Work order:
Only one stretch of lines is wanted: the line with "948B972F-C21E-4A3E-B41E-A186BE58C10F.jpeg" through the final line of the material. Restate it word for word, minus pictures.

Material provided:
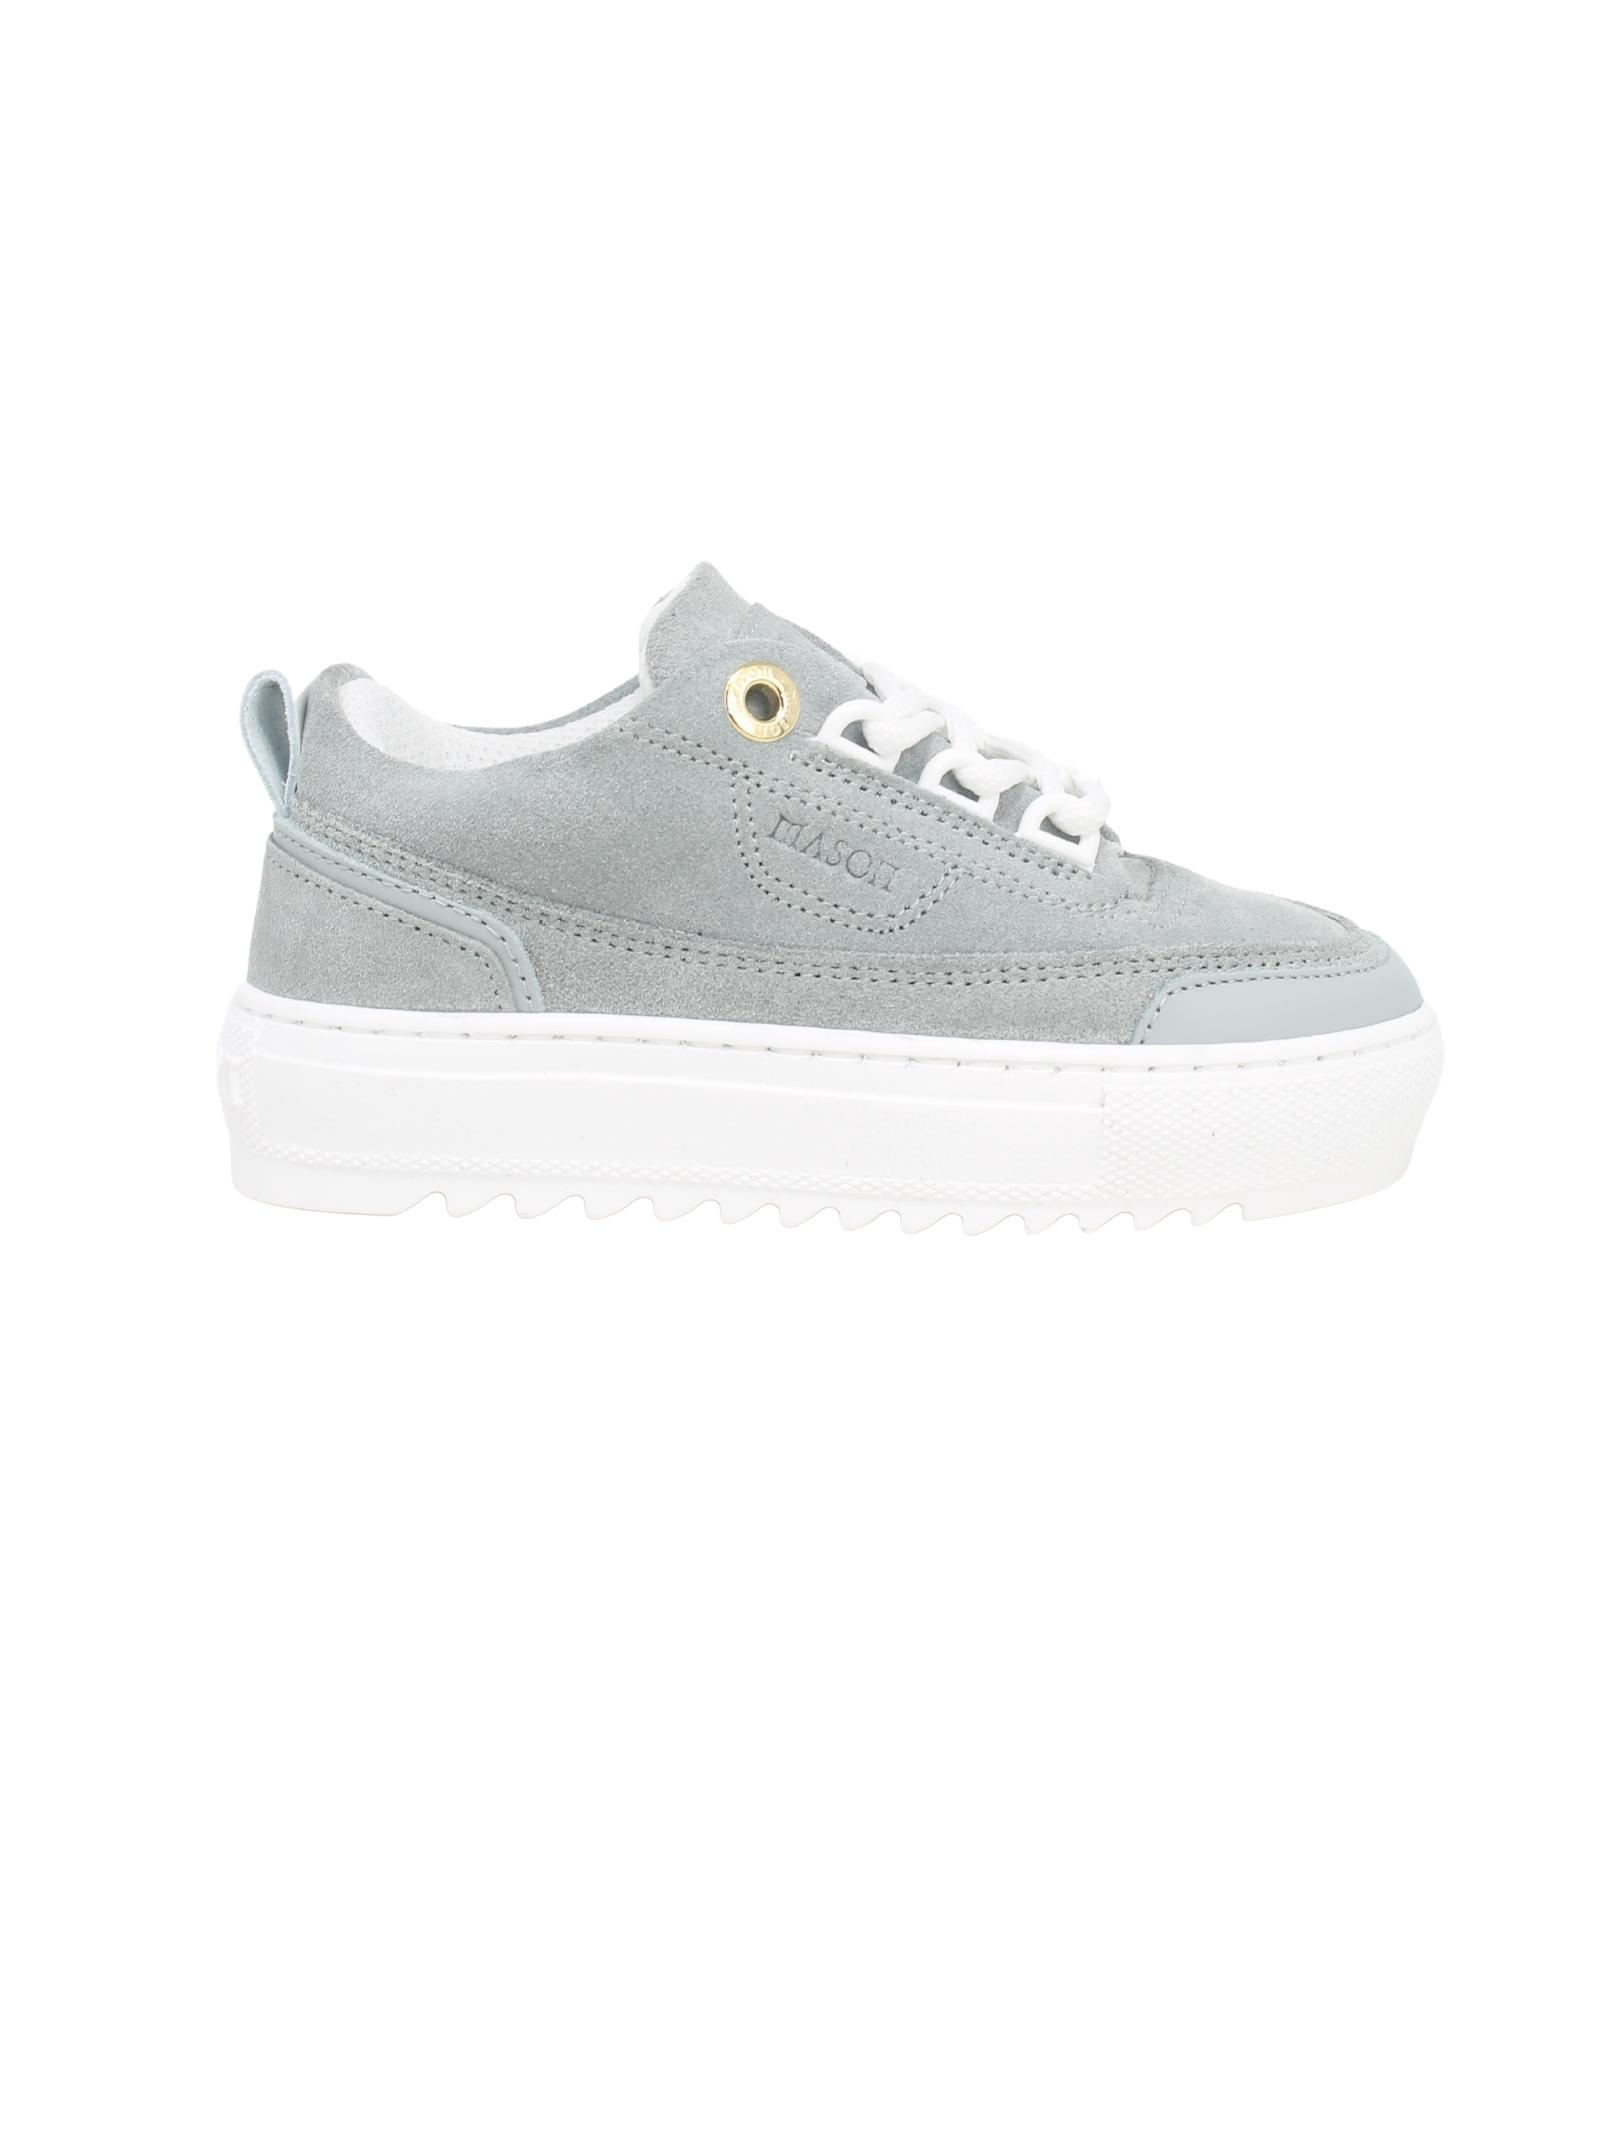 Sneakers Iconica Firenze Bambino MASON GARMENTS KIDS | Sneakers | BFW216AGRIGIO
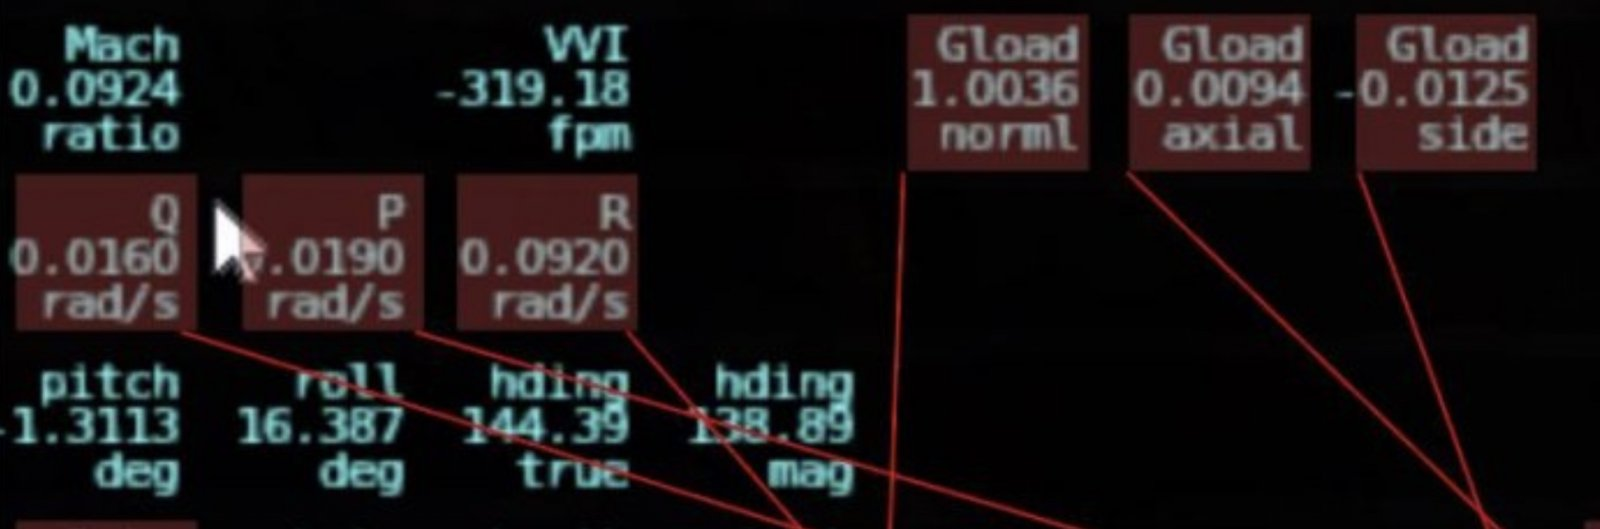 948B972F-C21E-4A3E-B41E-A186BE58C10F.jpeg
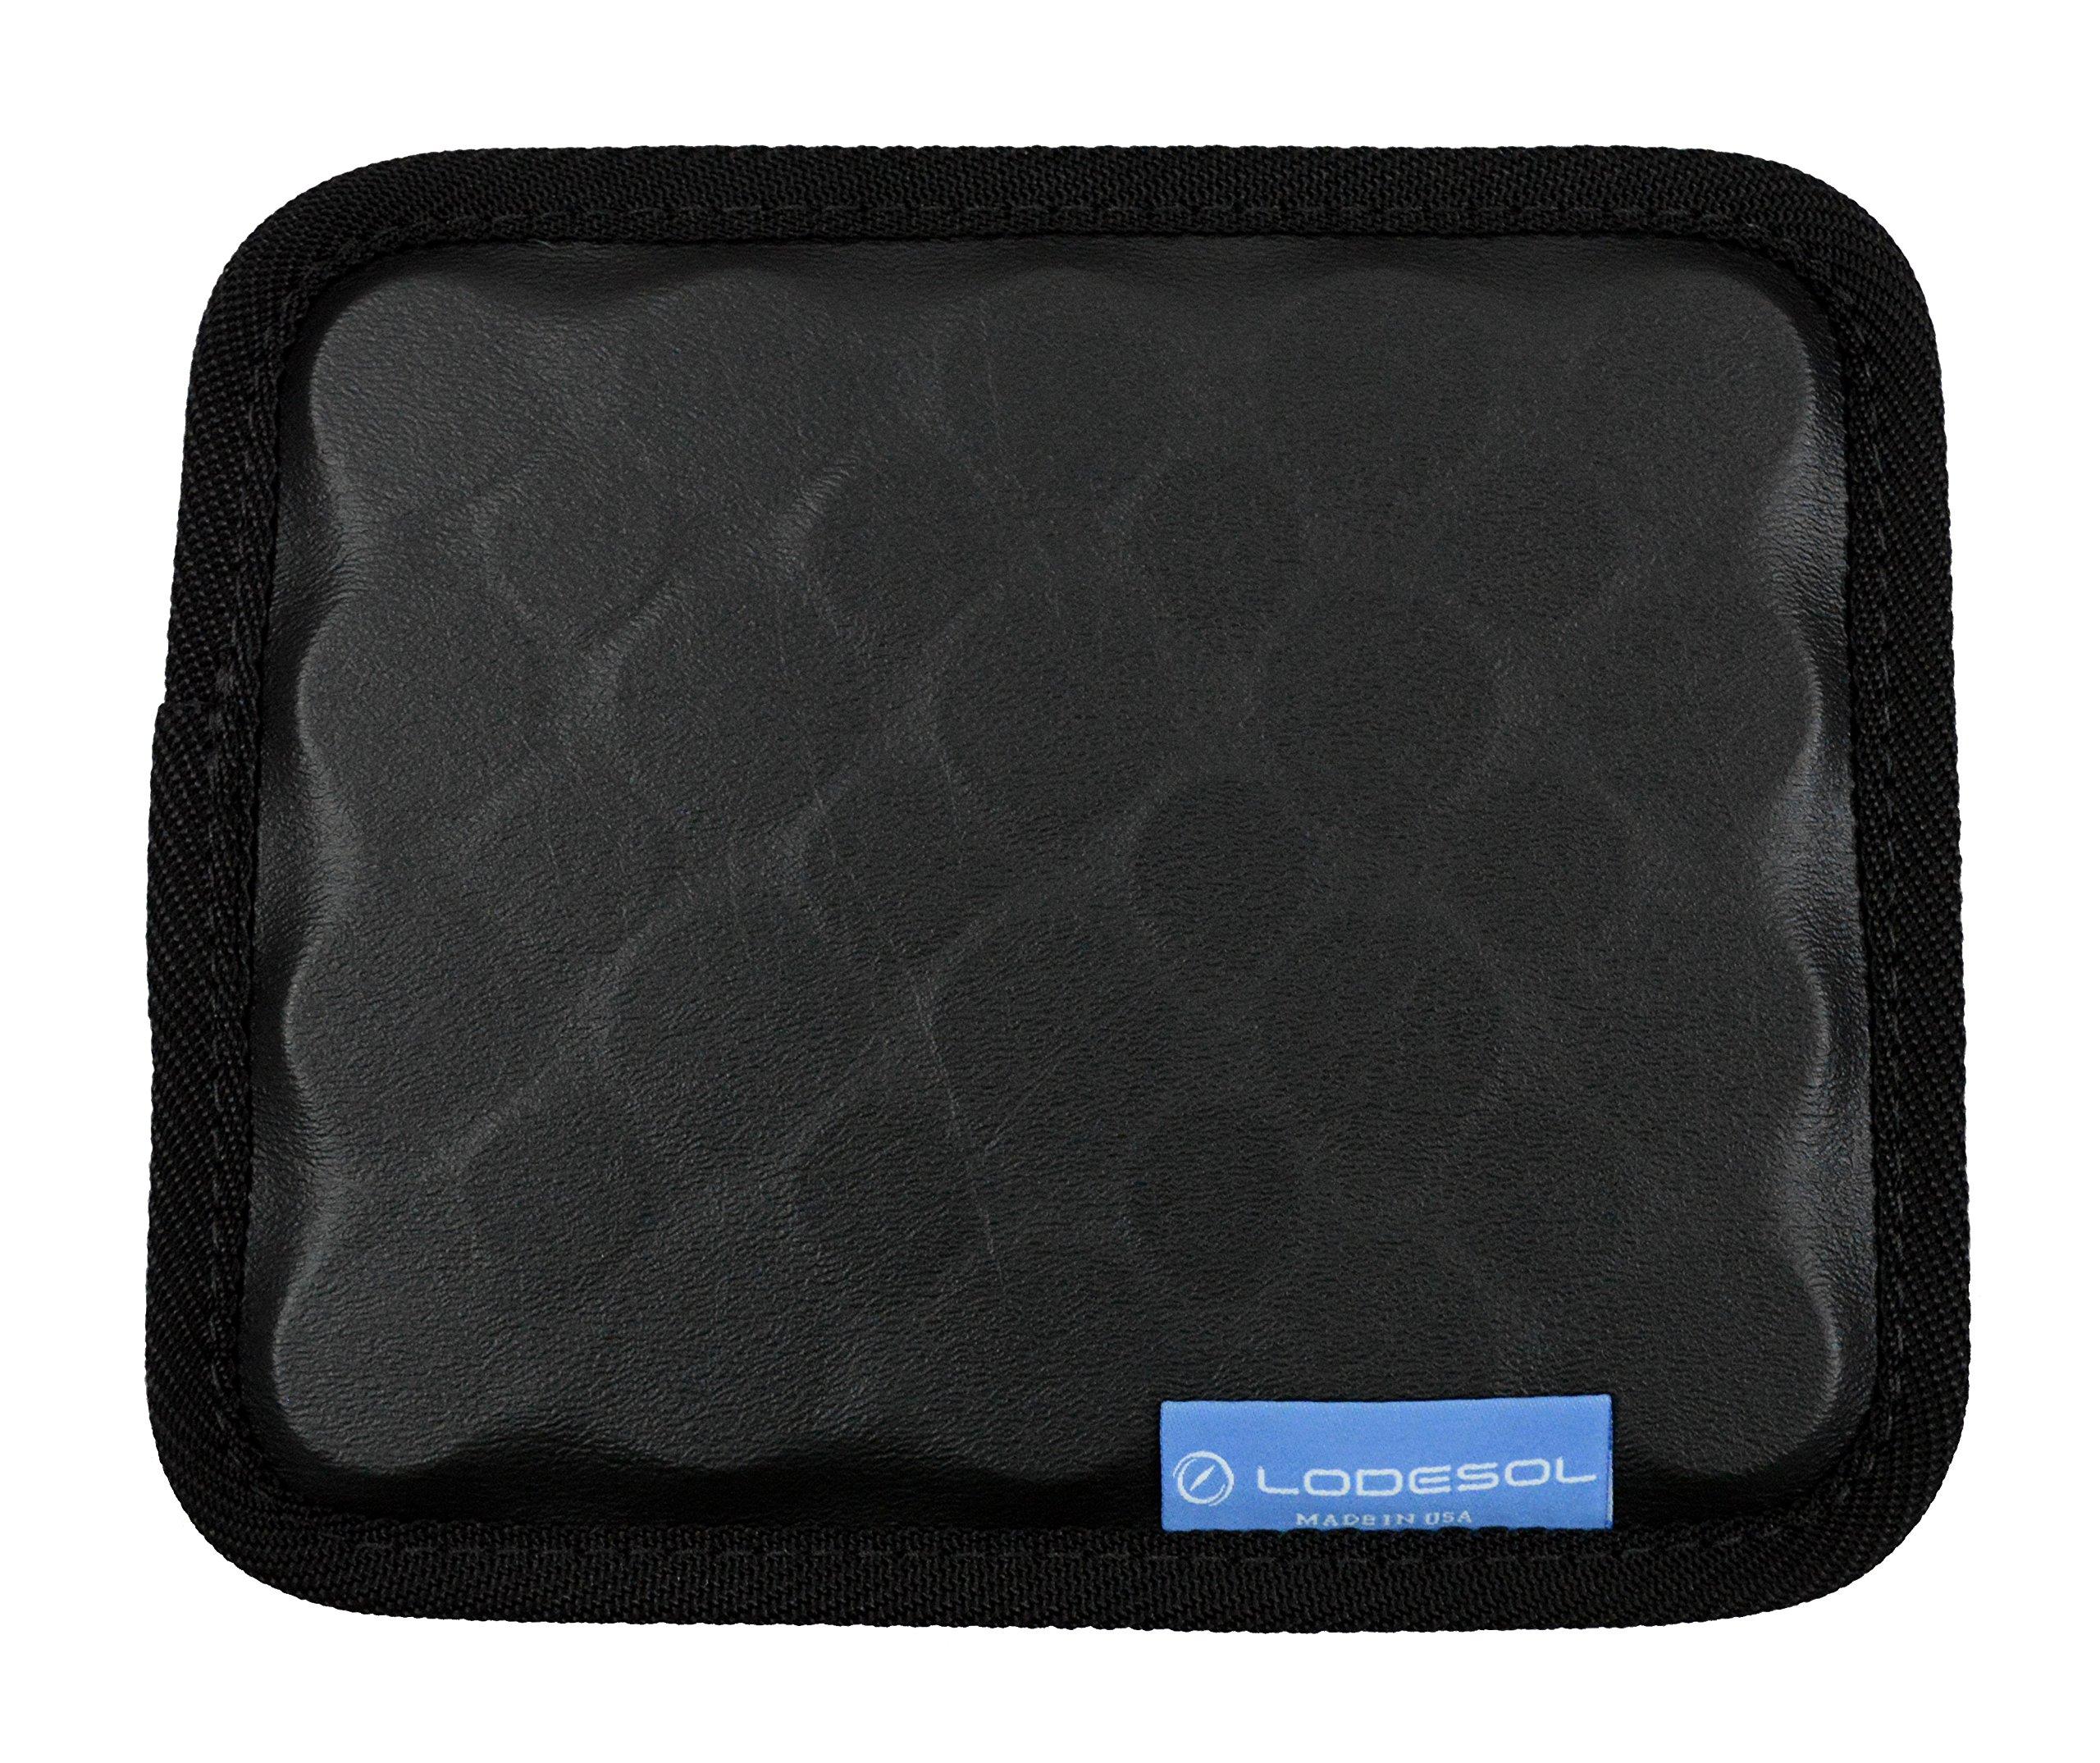 Lodesol Flexible Magnetic Tool Holder 8.25''x6.75'' Mp2012

Response to this task:
 948B972F-C21E-4A3E-B41E-A186BE58C10F.jpeg
 Lodesol Flexible Magnetic Tool Holder 8.25''x6.75'' Mp2012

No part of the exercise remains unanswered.